Quebec’s national library is embarking on an ambitious initiative to establish a comprehensive database that will encapsulate cultural and governmental information, aimed at enhancing artificial intelligence systems’ understanding of Quebec’s unique society, culture, and Indigenous languages. The Bibliothèque et Archives nationales du Québec (BAnQ) has entered the experimental phase of this project, following a detailed feasibility study conducted earlier this year.
Addressing Data Gaps in AI Training
The primary objective of this database is to tackle the significant challenges faced by major AI systems, which often struggle to produce accurate and relevant information about Quebec due to a scarcity of local data. Valérie D’Amour, who spearheaded the feasibility study, expressed the project’s open-ended potential, stating, “All scenarios are a little bit on the table right now. We have a lot of ideas and we want to validate the possibilities with cultural stakeholders, as well as with data owners and providers, who will be involved in the discussions.”
BAnQ has assured that the forthcoming platform will not act as a public distribution outlet for creative works; rather, it will maintain strict control over data access.

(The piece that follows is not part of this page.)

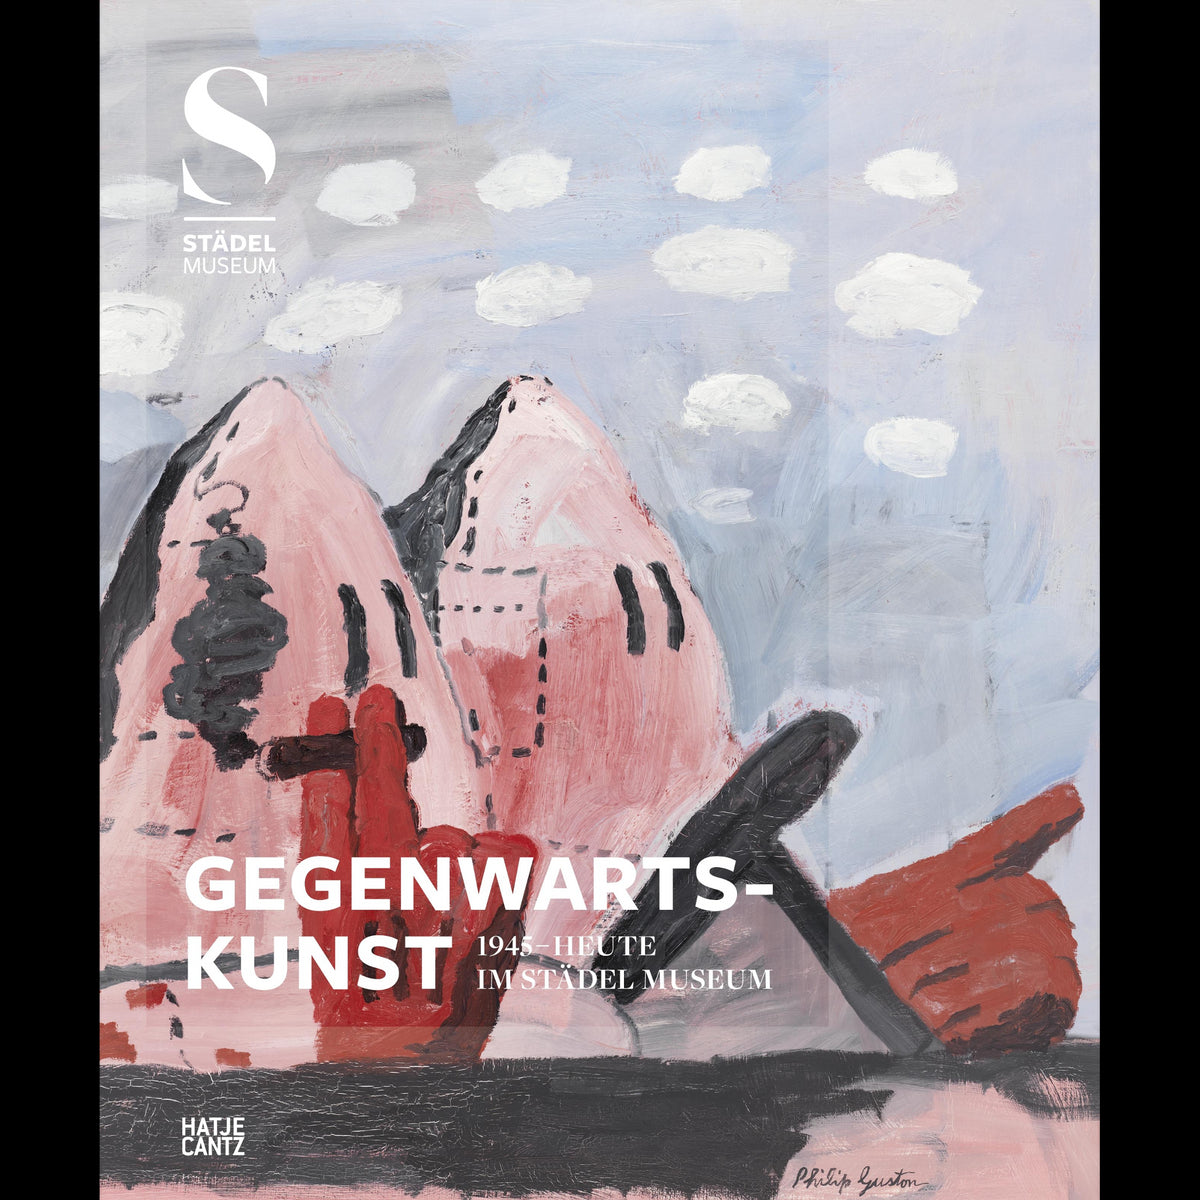 Coverbild Gegenwartskunst (1945-heute) im Städel Museum

Ensuring Representation in AI
Marie Grégoire, the president and CEO of BAnQ, emphasised the importance of AI systems accurately reflecting the diverse tapestry of Quebec’s society and culture. “That means having Quebec references, whether in small models or large models, whether they come from research or from the business community,” she articulated. This initiative is not entirely unprecedented; similar projects have emerged internationally, such as in Sweden, where extensive collections of Nordic-language texts have been compiled to foster the development of generative AI models.

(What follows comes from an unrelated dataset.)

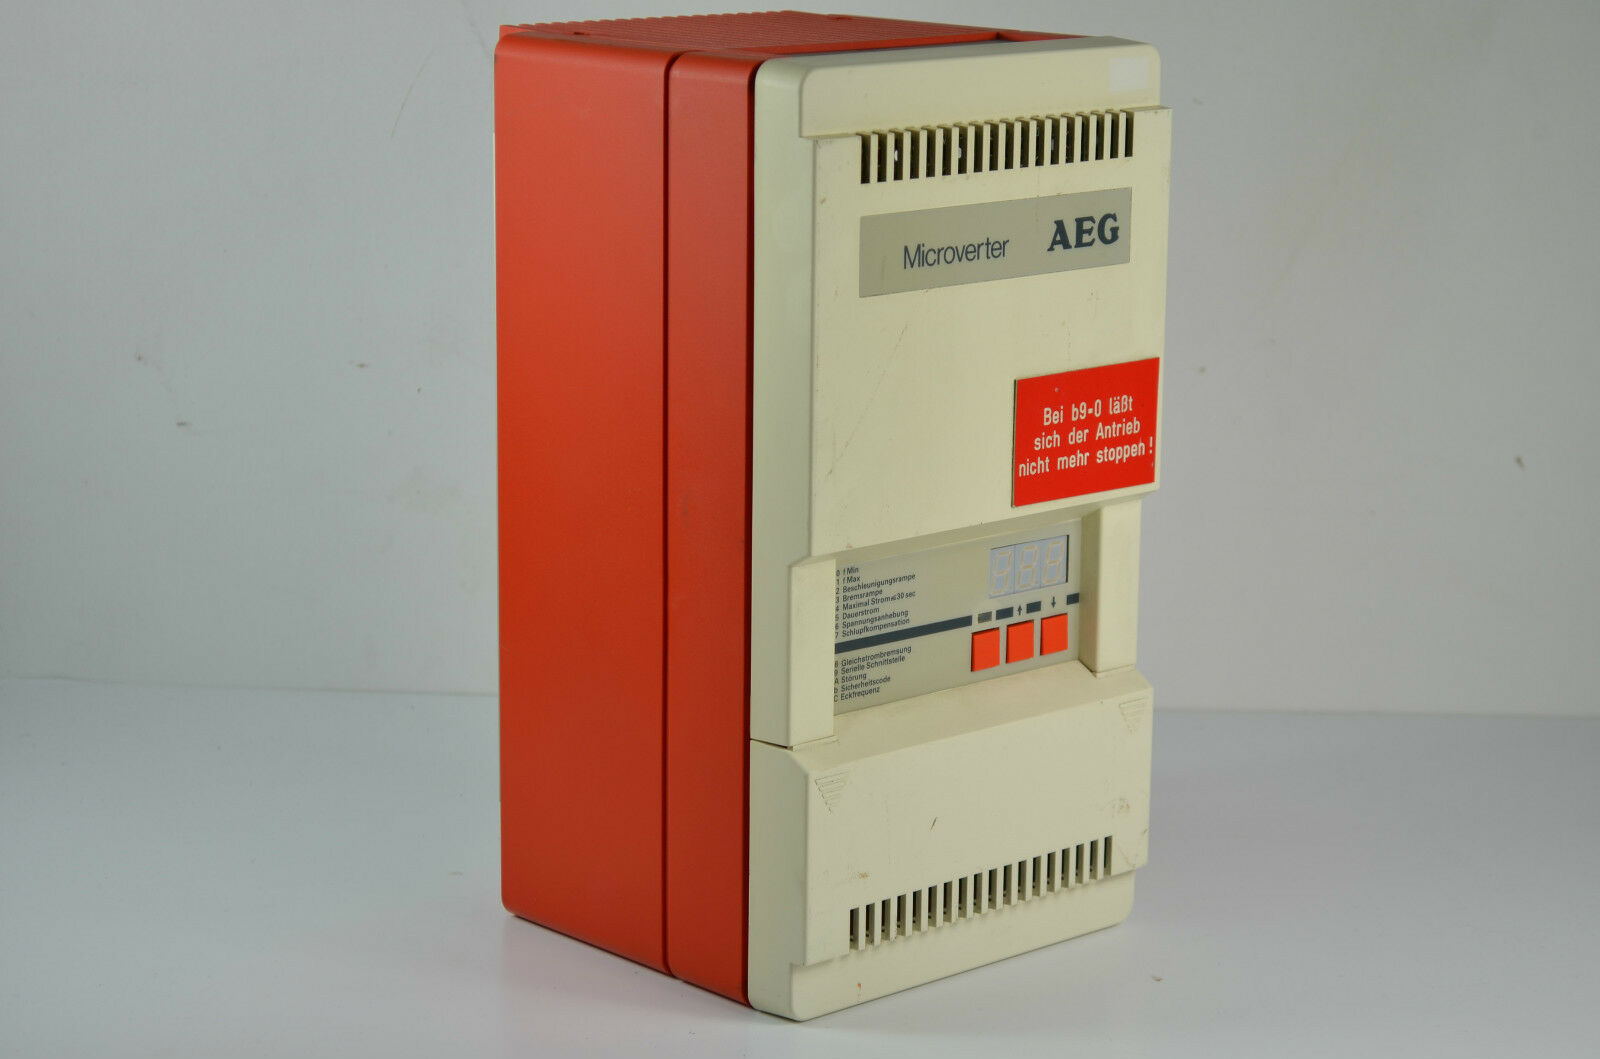 AEG Microverter D 2.5/500  029.130 003 ( 148940 )

BAnQ intends to kickstart the project using its own collections before exploring additional data sources. This initiative stems from a recommendation made by Quebec’s innovation council in a 2024 report, which highlighted the alarmingly limited amount of Quebec-related data in existing AI training datasets.
Cultural Representation and Ethical Concerns
Destiny Tchéhouali, who co-holds a research chair focused on French-language artificial intelligence at Université du Québec à Montréal, noted that Quebec’s cultural representation in AI remains disproportionately low. He cautioned, “We run the risk of reproducing linguistic biases and cultural biases. And when we also talk about Indigenous peoples, we run an even greater risk of all these biases.” Tchéhouali believes that the proposed database could serve as “strategic infrastructure” to establish protocols for identifying, cataloguing, and tracking local content within contemporary AI systems.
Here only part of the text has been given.